Printed by William M'Call, No. 4, Cartwright Place,
Byrom Street, Liverpool.                       

Alone on the heather a fair child was straying,
Whose innocent features were brightened with joy;
And, as 'midst the flowers he careless was playing,
My heart yearned with love and I spoke to the boy.

Young stranger, whence art thou ? 'his blue eyes up-
      turning,
He answered 'my home is you tent on the plain;
And ere the eve closes, I must be returning
Or they will not let me roam thither again.'

Do thy parent's await thee?' he paused, and the glad-
      ness
That mantled his brow was o'ershaded with gloom,
I saw them but once ;' and he added with sadness,
They tell me that both are asleep in the tomb.

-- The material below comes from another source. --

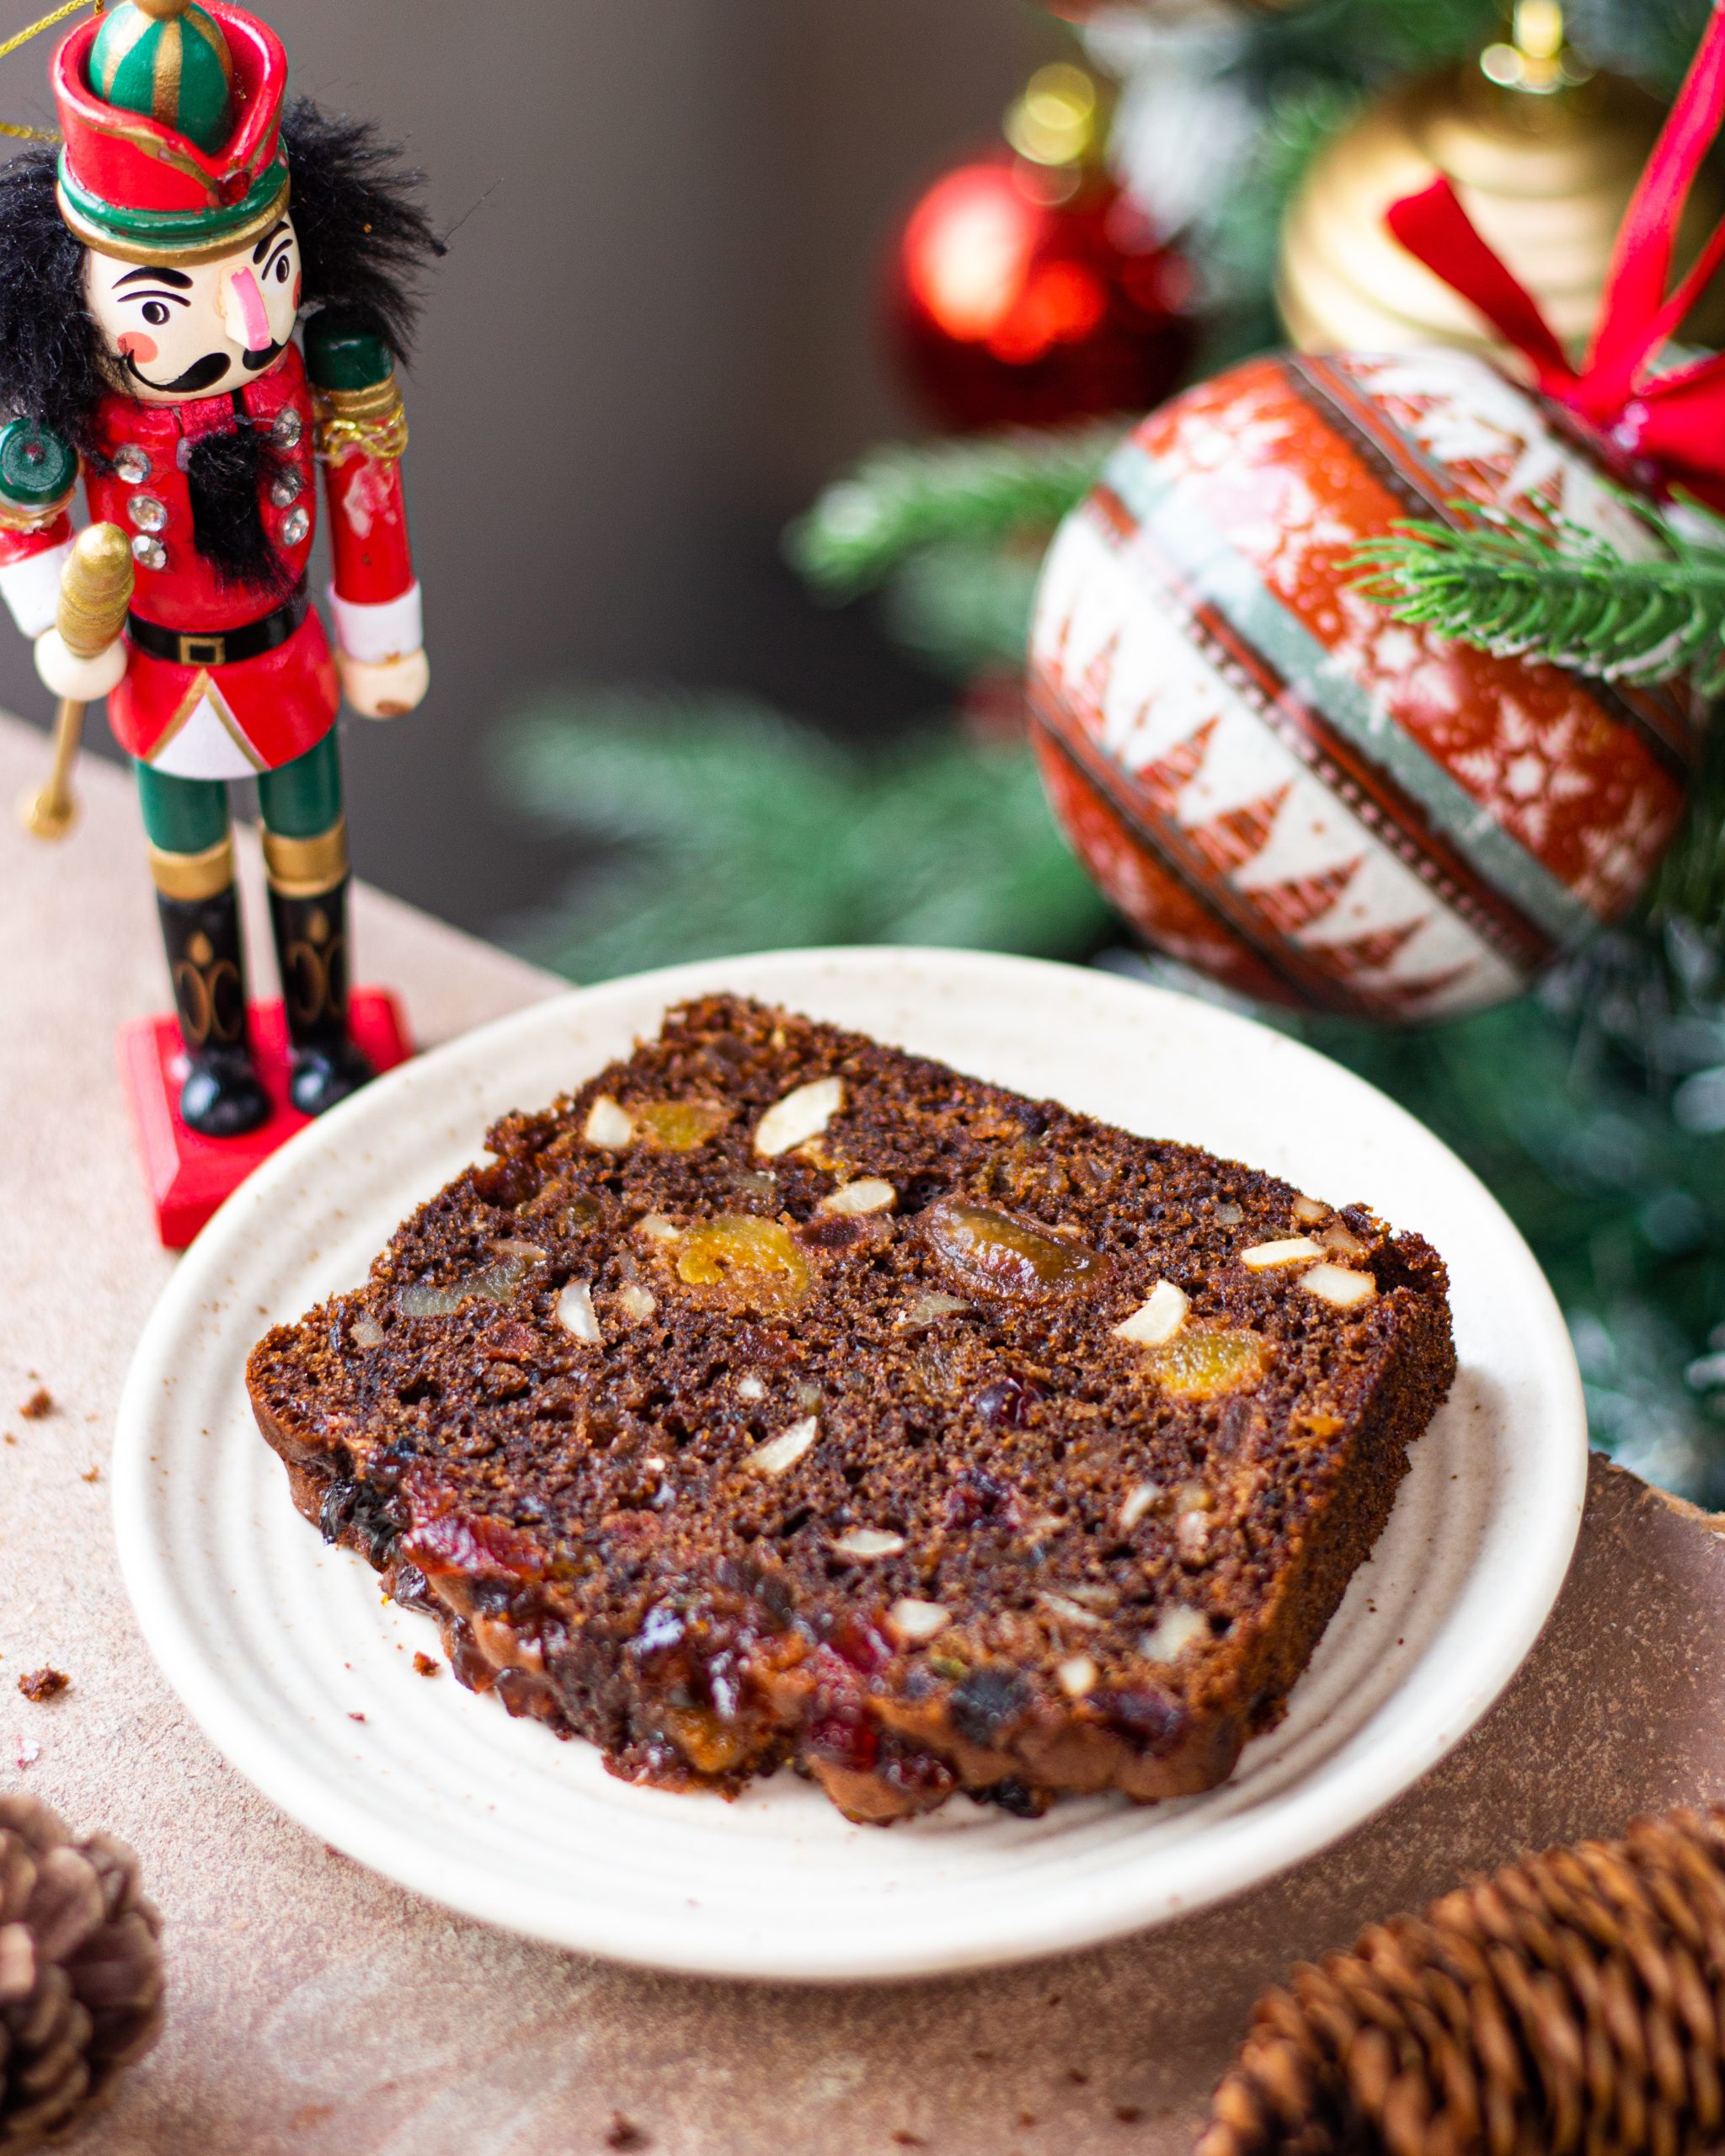 Popular Christmas Cake Recipes: 10 most popular cakes for Christmas | Times  of India
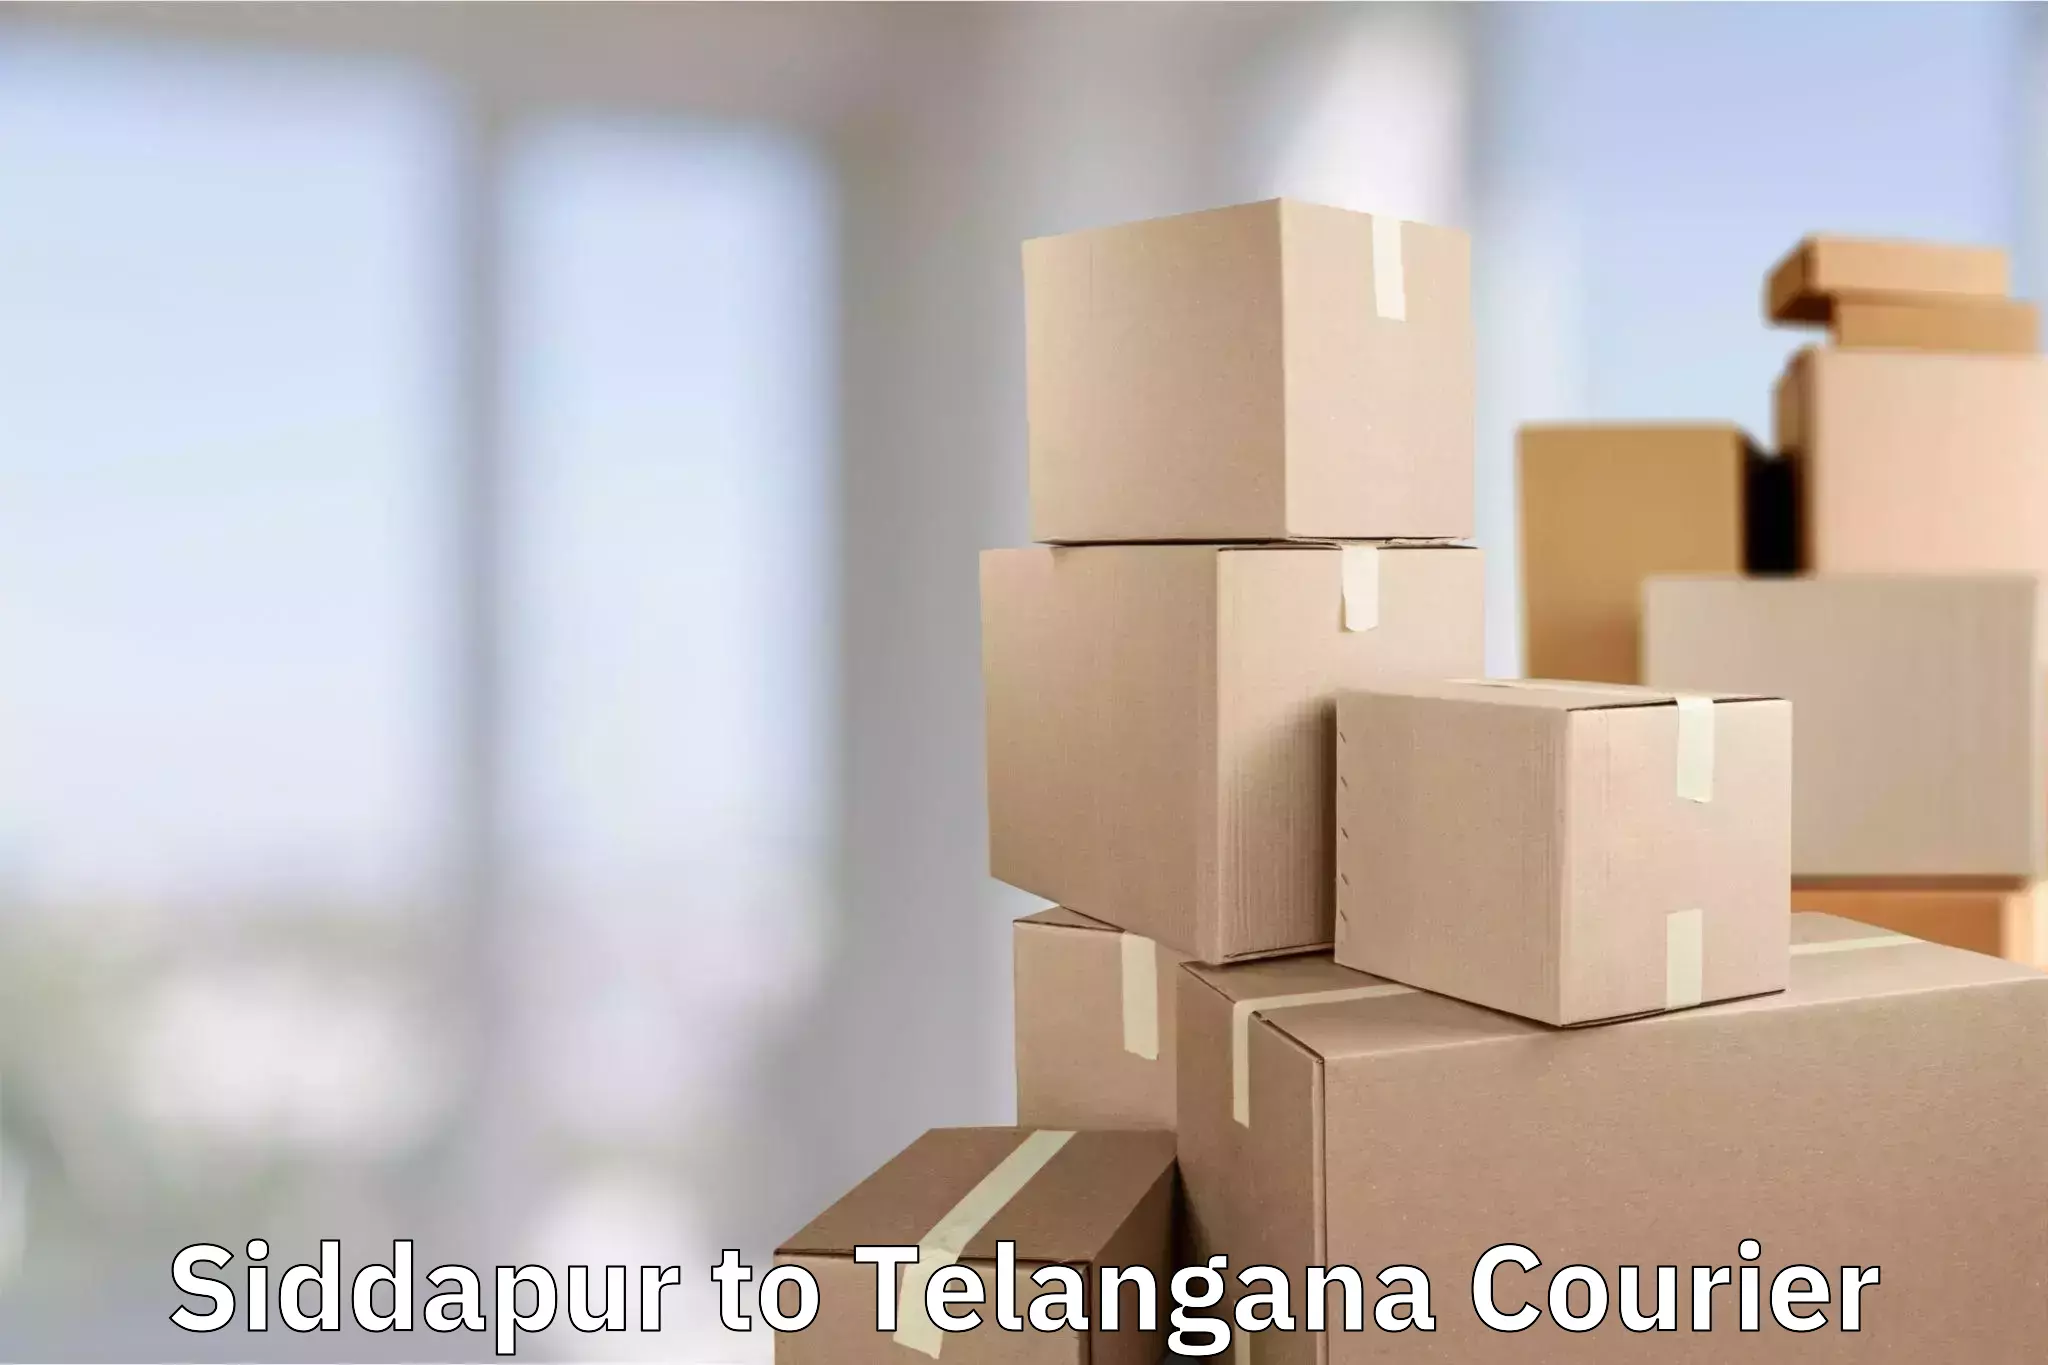 Luggage shipping planner Siddapur to Manneguda

The gipsy is kind, but my mother was fonder;
She sang me so sweetly to rest in her arms,
But now she is gone, her darling must wander,
Tho' the soft words she wispered my bosom still
      warms

And soon will I seek them were both are reposing,
And take my best flowers to plant by their side,
That summer, when all their bright tints are unclosing
May bless the green turf with their beauty and pride!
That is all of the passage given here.